An IBC is a company that does NOT:
– Carry on business with persons residing in the Bahamas;
– Own an interest in real property situated in the Bahamas or lease property for any other use than as an office;
– Carry on banking, trust, or insurance business;
– Provide a registered office for companies.
– An IBC is not considered engaged in business with persons residing in the Bahamas if it:
– Makes or maintains deposits with a person carrying on business within the Bahamas.
– Makes or maintains professional contact with counsel and attorneys, accountants, bookkeepers, trust companies, management companies, investment advisers or similar persons carrying on business within the Bahamas.
– Prepares or maintains books and records within the Bahamas.

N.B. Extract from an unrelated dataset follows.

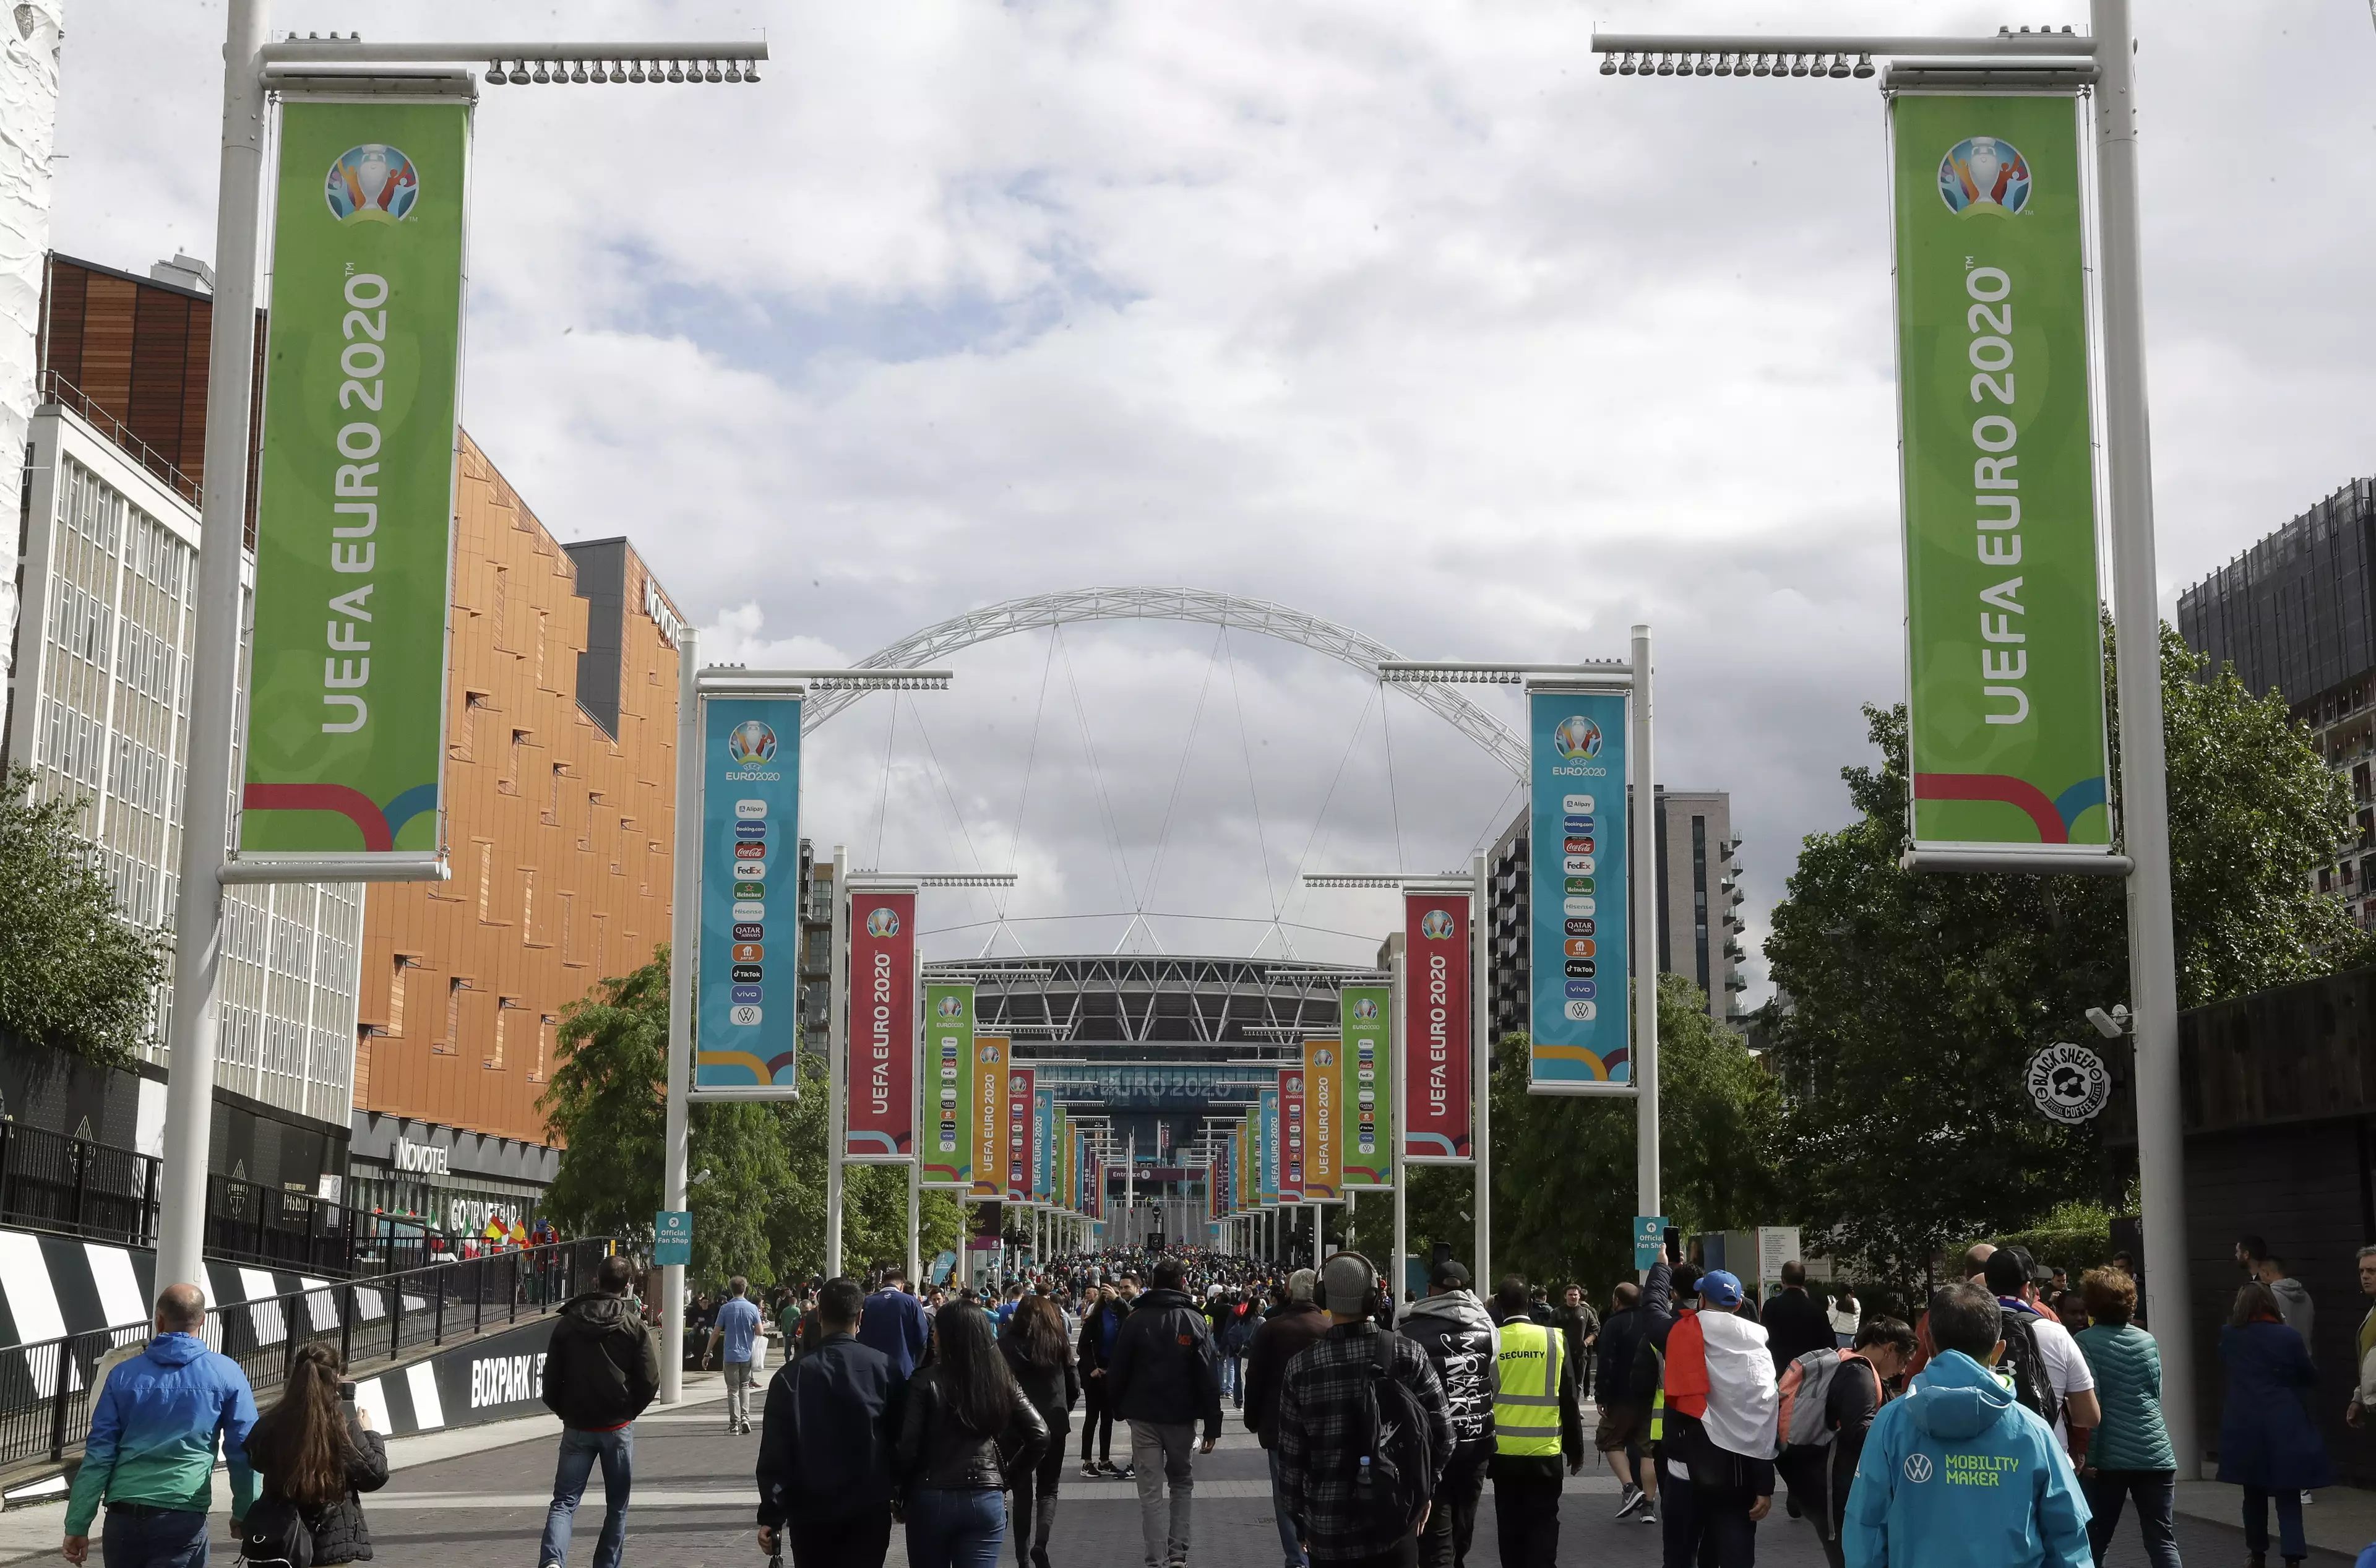 The match will take place at Wembley (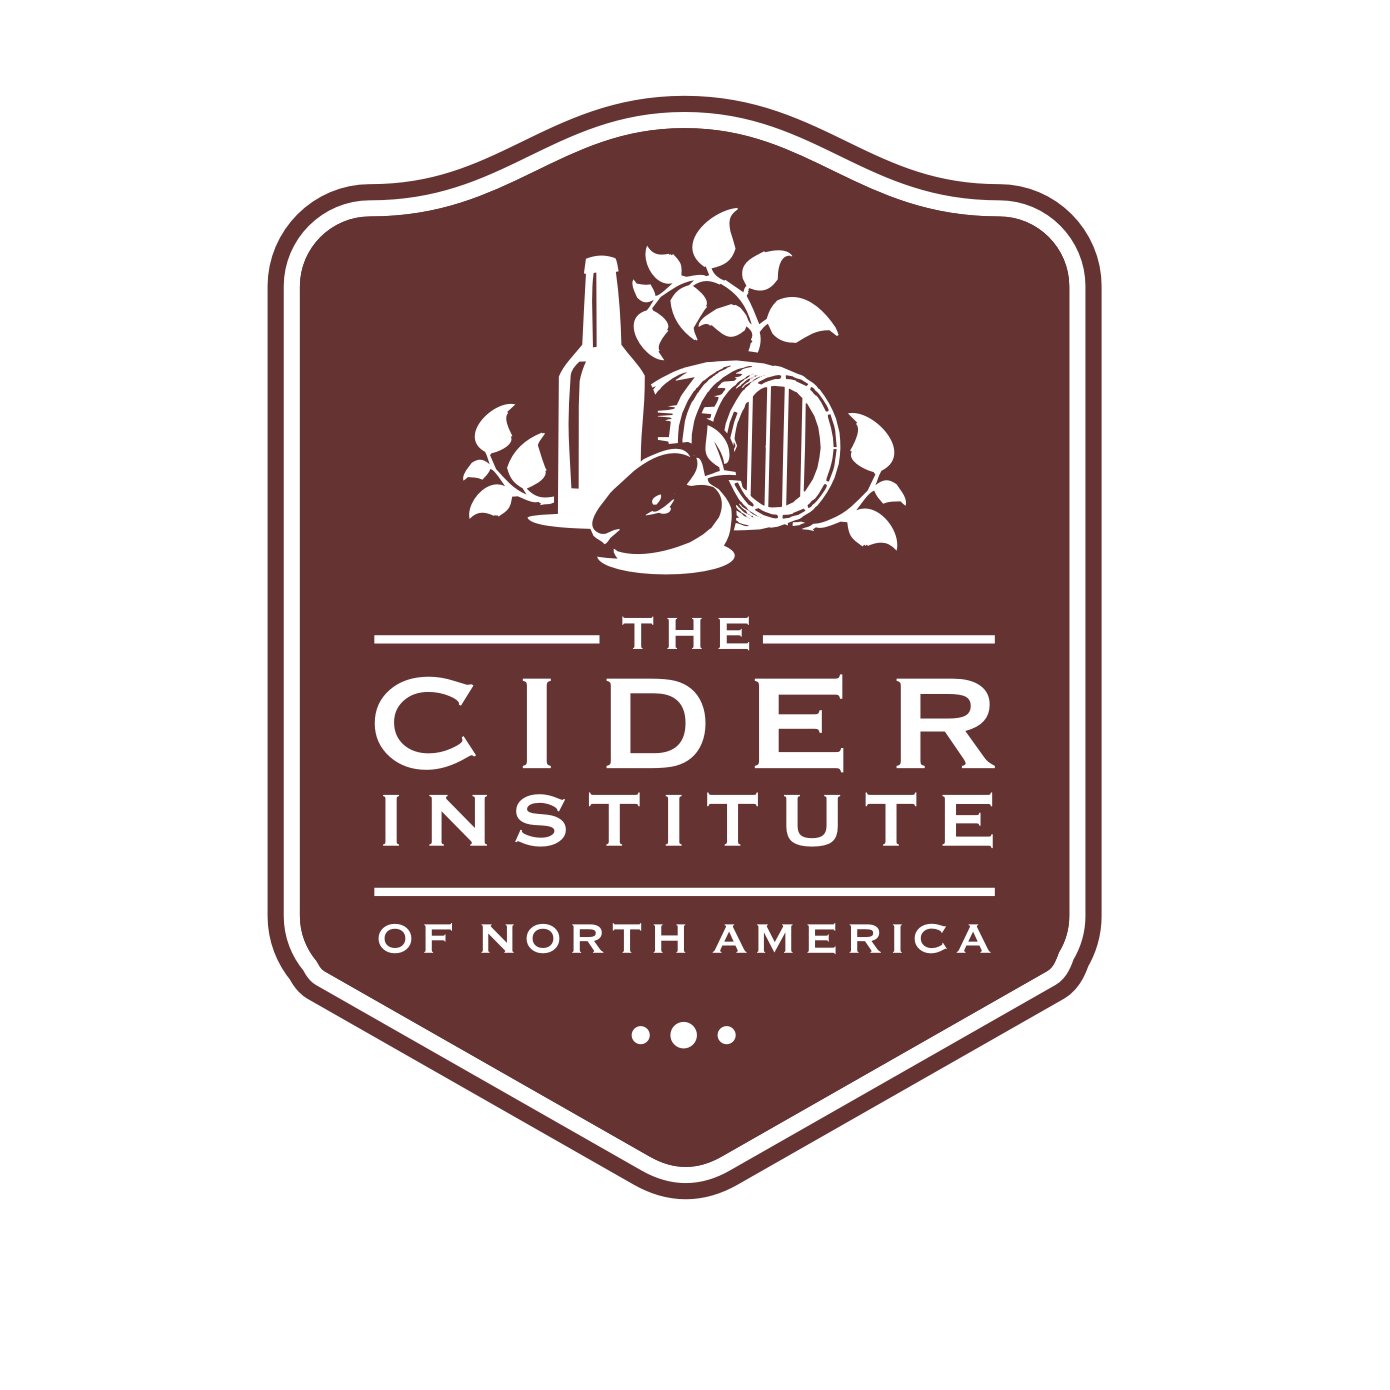 We advance the art of cider making by providing educational, training and business development resources to cider makers and the cider industry.

– Holds meetings of its directors and members within the Bahamas.
– Holds a lease of property for use as an office from which to communicate with members, or to prepare or maintain company books and records.
– Holds shares, debt obligations and other securities in an IBC or an ordinary company.
– Holds shares, debt obligations, or other securities which are owned by any person, IBC, or ordinary company resident in the Bahamas.
While no financial reporting requirements exist, an IBC must keep certain documents, such as share register, minutes of meetings and resolutions at the company’s registered office in the Bahamas.
An IBC is allowed to do any the following:
– Transact foreign exchange business without Exchange Control restrictions.
– Issue registered, bearer, voting and non-voting, no par value, unnumbered, common, preferred, or redeemable shares.
– Issue shares that may have more or less than one vote per share; be voted only on certain matters or only upon the occurrence of certain events; be voted only when held by persons who meet specified requirements; or entitle participation only in certain assets.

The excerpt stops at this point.